By the time Soviet tanks crushed the Prague Spring, Kundera was already a famous writer thanks to only two books. He was then aware that he might not dare to stop him, but he could not publish what he wanted to write.
In addition, he was expelled from the Film Institute and again from the party, and had to live on savings and the minimum wage he earned playing the piano in small halls. When his savings ran out, he moved with his wife to France. It was 1975 and he was convinced that his writing career was over because he had nothing new to say. “Tyrannies often produce admirably brave men, but produce very little original thought,” he said in an interview with fellow writer Philip Roth.
A man without conviction
First in Rennes, and later in Paris, he enjoyed, as he himself said, the best years of his life. He saw his country from a new perspective, and he saw France as a foreigner. I guess that’s why he wrote again.

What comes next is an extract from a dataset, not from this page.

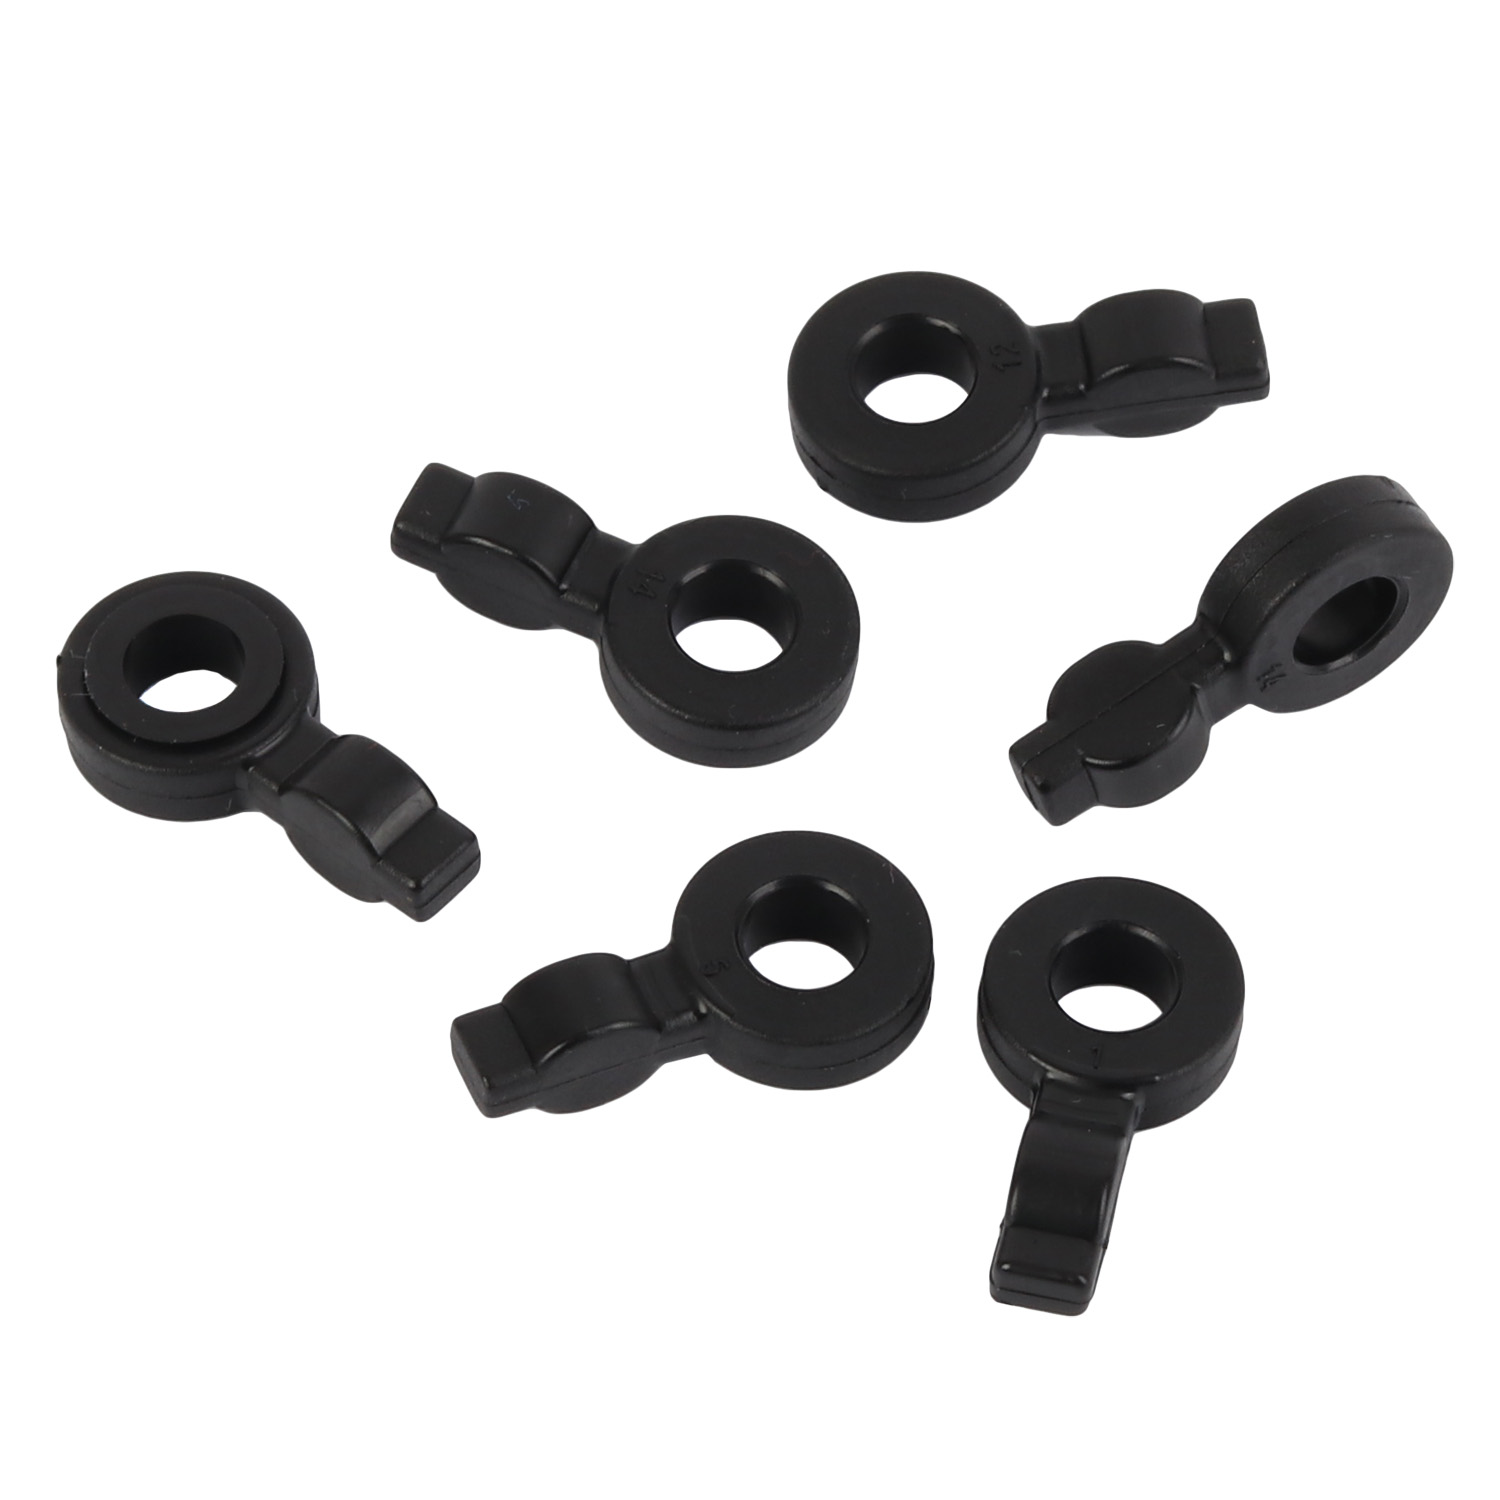 Picture of SKS Cylinder Plug for Fenders (6 Pieces)

Those were the years in which he already spoke clearly against totalitarianism, especially about the danger of arguments that lead to them. “Today, people around the world unequivocally reject the idea of gulags, but are still willing to be carried away by totalitarian poetry and even march towards new gulags,” he warned.
And his words have not lost their value. Nor is it his diagnosis of the path into the abyss that societies sometimes take. In his opinion, totalitarianisms are sold as a dream of a paradise of freedom, equality and harmony. That’s why they attract so many people. But when “the dream of paradise begins to come true” those who try to interfere appear and then “the rulers of paradise have to build a small gulag next door.” As the years pass, the gulag becomes bigger and more perfect, and the neighboring paradise gets smaller and poorer.
It was written by an author from a small country that in a little more than half a century experienced “democracy, fascism, revolution, Stalinist terror and the disintegration of that terror, German and Russian occupation, mass deportations and the death of the West at the hands of the territory. All this was the background which led him to “not believe in anything, to be a man without convictions”, as he often said. From there, his literature revolves around laughter and oblivion.
His books in Czech are the same as those written in French (slowness, Identity, Ignorance, party of insignificance) place characters before exile, identity, lightness of beingthe wickedness and absurdity of totalitarianism and fanaticism.
Awarded almost all major international literary prizes (Medicis, Kafka, Jeruzalem, Cino del Duca…), for years he was a very serious candidate for the Nobel Prize. His communist militancy at first and fierce criticism of the system later rejected him. He doesn’t care about me.
For no less than twenty years, he lived far from the literary world, without appearing in public or giving interviews. His friends say that he watched the current situation in Europe with concern. More than thirty years ago, he already reminded, almost with a foreboding character, that “in the last five decades, forty million Ukrainians disappeared from the world, and the world did not pay the slightest attention.”
In his books, he knew how to bring a smile out of totalitarian hell. “I lived in fear of the thought of a world losing its sense of humor,” he said. Milan Kundera, incorruptible writer.
Source: La Vozde Galicia
I am David Miller, a highly experienced news reporter and author for 24 Instant News. I specialize in opinion pieces and have written extensively on current events, politics, social issues, and more. My writing has been featured in major publications such as The New York Times, The Guardian, and BBC News. I strive to be fair-minded while also producing thought-provoking content that encourages readers to engage with the topics I discuss.